Enabled extensions: The extensions do not imply enabling/disabling any other extensions. It is often likely to be used in conjunction with either the NoFieldSelectors extension orDuplicateRecordFields.

The implementation of this proposal adds code to the compiler, but not a huge amount. Our prototype shows the essence of the parsing changes, which is the most complex part.

If this proposal becomes widely used then it is likely that all Haskell users would have to learn that a.b is a record field selection. Fortunately, given how popular this syntax is elsewhere, that is unlikely to surprise new users.

This proposal advocates a different style of writing Haskell records, which is distinct from the existing style. As such, it may lead to the bifurcation of Haskell styles, with some people preferring the lens approach, and some people preferring the syntax presented here. That is no doubt unfortunate, but hard to avoid - a.b really is ubiquitous in programming languages. We consider that any solution to the records problem must cause some level of divergence, but note that this mechanism (as distinct from some proposals) localises that divergence in the implementation of a module - users of the module will not know whether its internals used this extension or not.

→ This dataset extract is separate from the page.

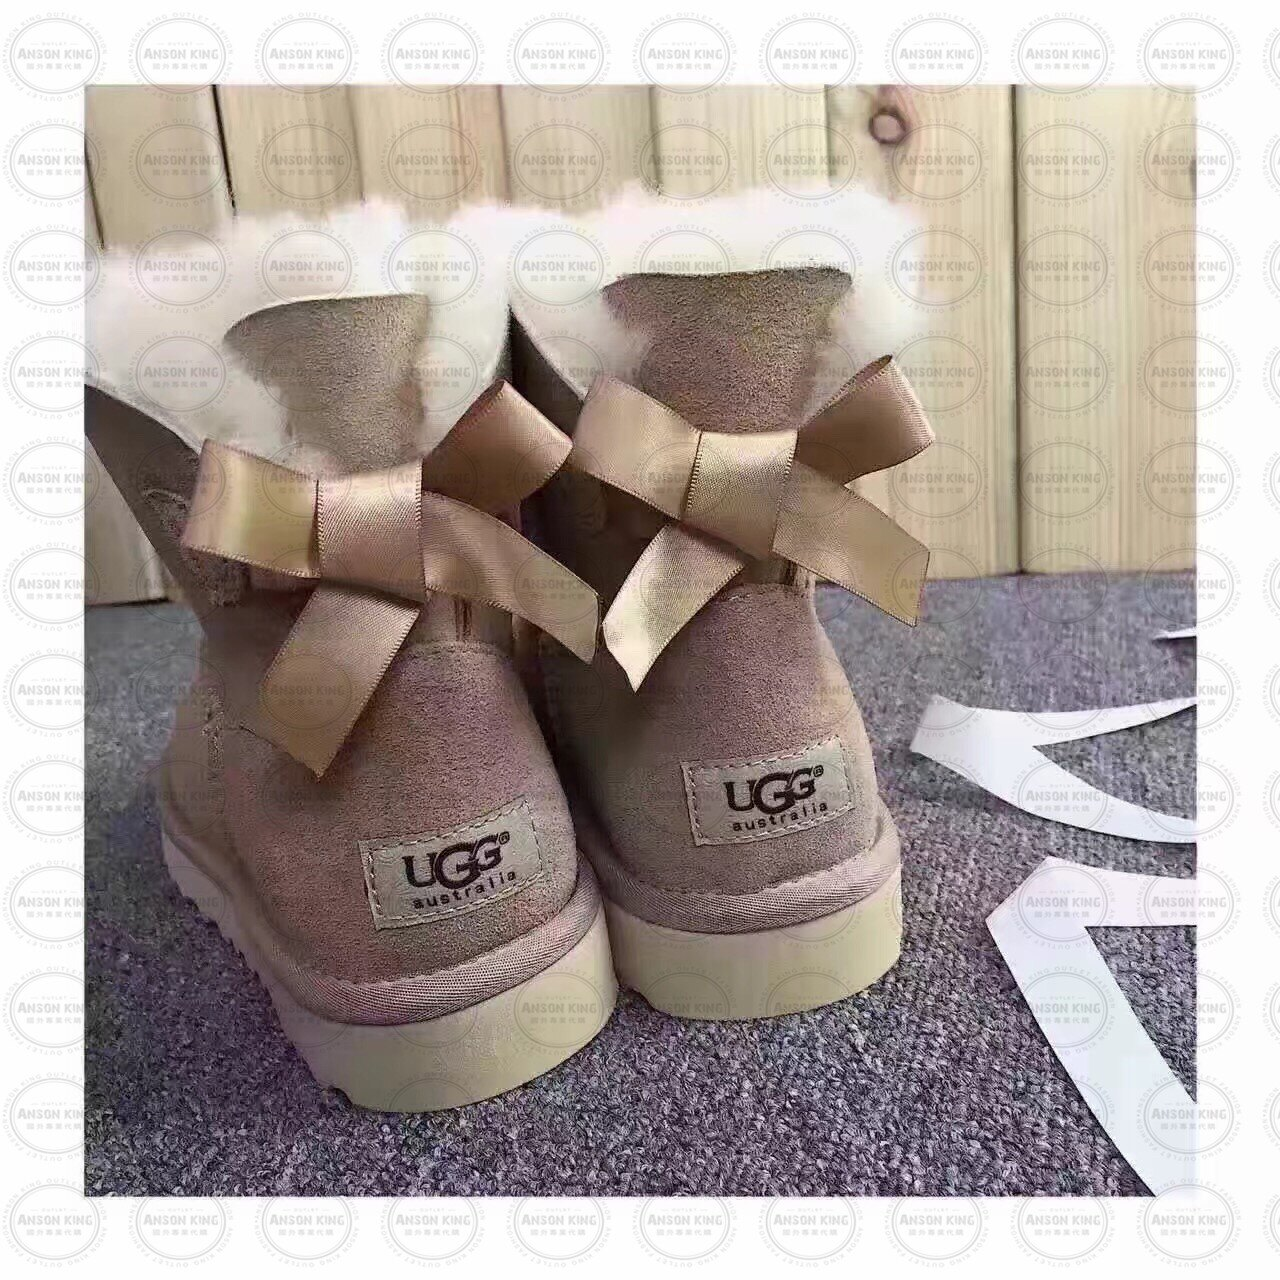 OUTLET正品代購 澳洲 UGG 單蝴蝶結羊皮毛一體 中長靴 保暖 真皮羊皮毛 雪靴 短靴 摩卡色 0

The use of a.b with no spaces on either side can make it harder to write expressions that span multiple lines. To split over two lines it is possible to use the & function from Base or do either of:

(myexpression.field1.field2.field3
    ).field4.field5

let temp = myexpression.field1.field2.field3
in temp.field4.field5

Instead of this proposal, we could do any of the following:

  • Using the lens library. While lenses help both with accessors and overloaded names (e.g. makeFields), one still needs to use one of the techniques mentioned below (or similar) to work around the problem of duplicate name selectors. In addition, lens-based syntax is more verbose, e.g. f $ record ^. field instead of possible f record.field. More importantly, while the concept of lenses is very powerful, that power can be complex to use, and for many projects that complexity is undesirable. In many ways lenses let you abstract over record fields, but Haskell has neglected the “unabstracted” case of concrete fields. Moreover, as it has been previously mentioned, this proposal is orthogonal to lens and can actually benefit lens users.
  • The DuplicateRecordFields extension is designed to solve similar problems. We evaluated this extension as the basis for DAML, but found it lacking. The rules about what types must be inferred by what point are cumbersome and tricky to work with, requiring a clear understanding of at what stage a type is inferred by the compiler.
  • Some style guidelines mandate that each record should be in a separate module. That works, but then requires qualified modules to access fields - e.g. Person.name (Company.owner c). Forcing the structure of the module system to follow the records also makes circular dependencies vastly more likely, leading to complications such as boot files that are ideally avoided.
  • Some style guidelines suggest prefixing each record field with the type name, e.g. personName (companyOwner c). While it works, it isn’t pleasant, and many libraries then abbreviate the types to lead to code such as prsnName (coOwner c), which can increase confusion.
  • There is a GHC plugin and preprocessor that both implement much of this proposal. While both have seen light use, their ergonomics are not ideal. The preprocessor struggles to give good location information given the necessary expansion of substrings. The plugin cannot support the full proposal and leads to error messages mentioning getField. Suggesting either a preprocessor or plugin to beginners is not an adequate answer. One of the huge benefits to the a.b style in other languages is support for completion in IDE’s, which is quite hard to give for something not actually in the language.
  • Continue to vent about records on social media.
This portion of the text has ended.